There’s a strange thing we’ve normalized in PC gaming.
Before you actually play, you prepare.
You open settings.
You tweak graphics.
You check performance overlays.
You think about battery life, temperatures, profiles, limits.
None of this feels unusual anymore. It’s just “part of PC gaming”.
But it shouldn’t be.
When playing became a task
On consoles, you press a button and play.
On PC, especially on modern handhelds, you make decisions first.
Not because you want to, but because you feel responsible for the outcome.
If performance isn’t great, it’s on you.
If the battery drains too fast, it’s on you.
If the experience stutters, you assume you missed a setting.
Over time, playing starts to feel less like entertainment and more like system administration.
And that’s the part that bothers me.
Control is not the problem
PC gaming has always been about control, and that’s a good thing.
Being able to tweak, customize, and adapt is what makes the platform powerful.
The problem isn’t having control.
The problem is when control turns into constant responsibility.
When every session begins with questions:
- Should I change profiles?
- Is this game using the right resolution?
- Am I wasting performance or battery?
- Do I need to adjust something before this feels right?
At that point, you’re no longer just playing a game.
You’re managing a system.
Handhelds made this impossible to ignore
This becomes especially clear on PC handhelds.
These devices are meant for quick sessions.
The couch.
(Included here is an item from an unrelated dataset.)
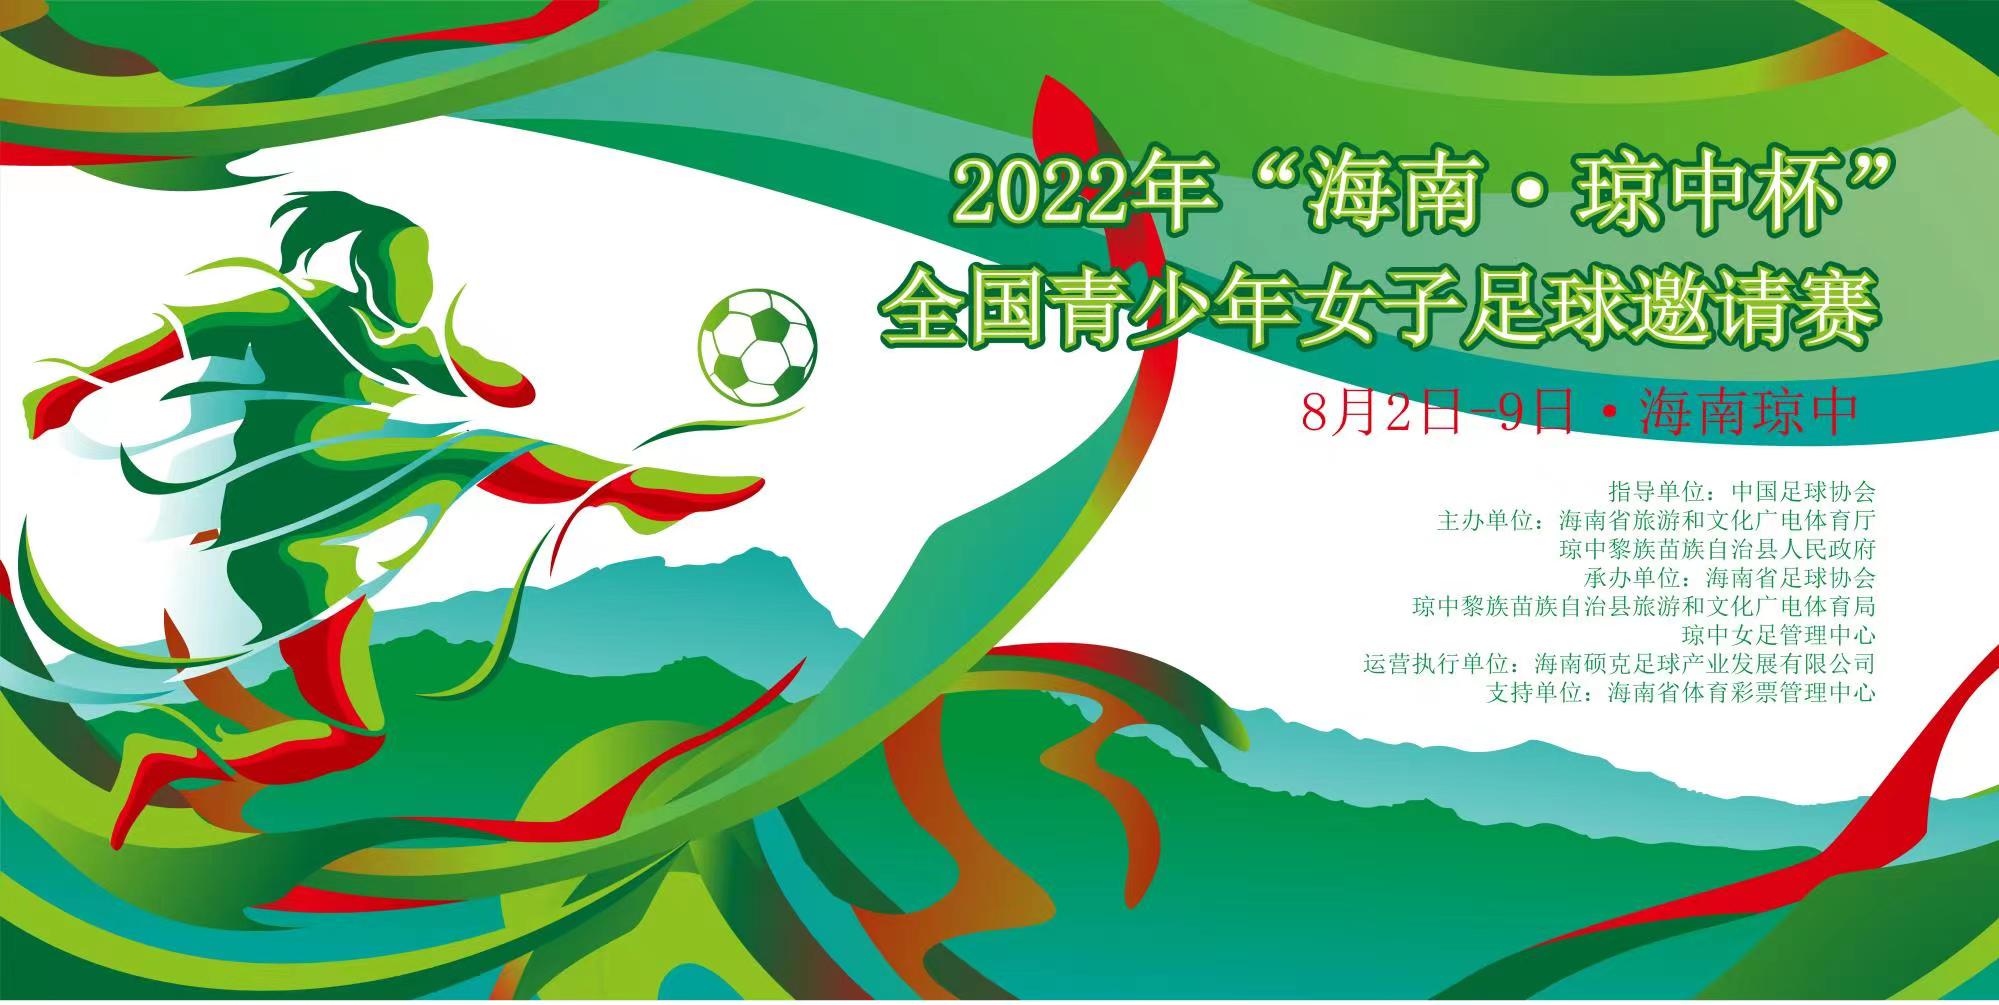 2022年“海南·琼中杯”全国青少年女子足球邀请赛决赛
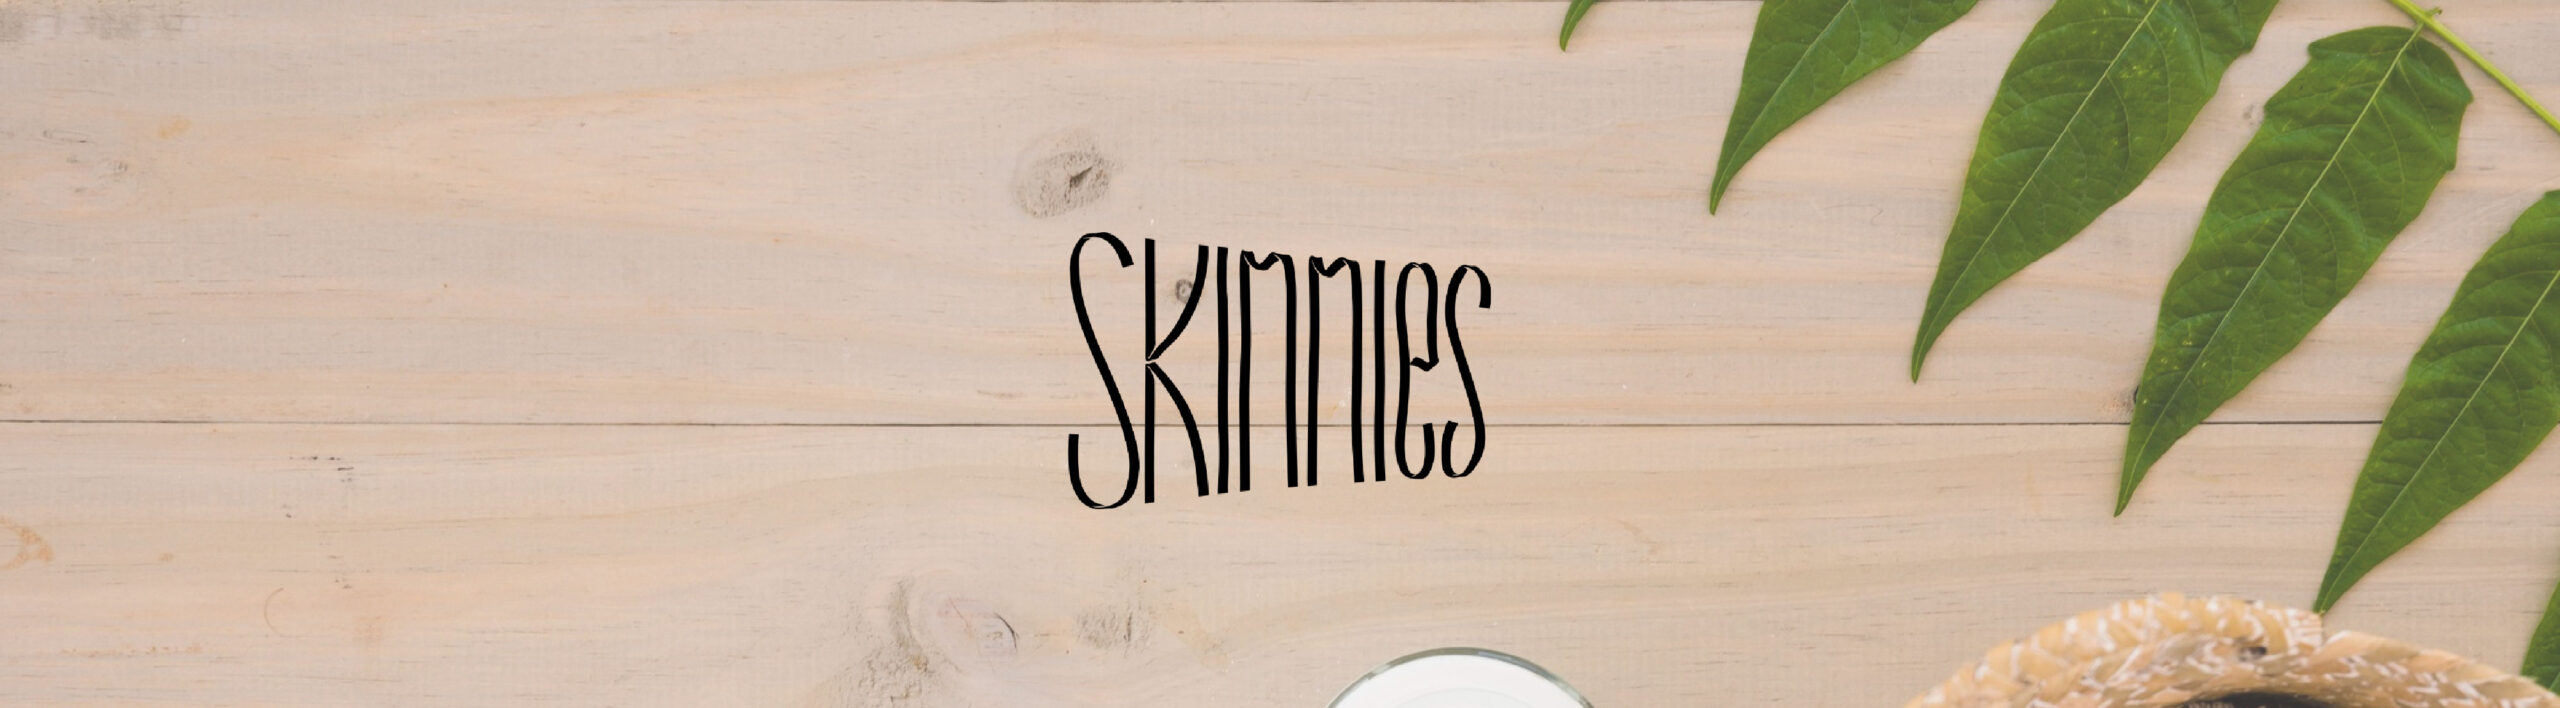 Banner promocional de la marca Skinnies con un fondo de madera natural y hojas verdes

The bed. A break between things.
They’re not desks.
They’re not benchmarking stations.
And yet, they inherit all the friction of desktop PC gaming, sometimes amplified.
Small screens make bad settings more noticeable.
Battery constraints make every choice feel important.
Performance swings are harder to ignore.
On a handheld, friction breaks immersion instantly.
That’s where the system-management feeling becomes impossible to justify.
If the user has to think, something failed
This is where my mindset shifted.
I don’t believe the solution is more options.
I don’t believe it’s better overlays or more detailed graphs.
Those tools are useful, but they’re still asking the user to think.
My goal has been the opposite:
The less the user has to touch, the better the system is doing its job.
Good automation isn’t loud.
Good automation doesn’t ask for attention.
Good automation disappears.
If you’re constantly aware of the tool helping you, it’s probably helping too much — or in the wrong way.
Automation as respect
Automation often gets framed as convenience.
I see it as respect.
Respect for the player’s time.
Respect for their focus.
Respect for the fact that they sat down to play, not to optimize.
That doesn’t mean blind automation.
It doesn’t mean guessing.
It doesn’t mean “AI decided this is optimal”.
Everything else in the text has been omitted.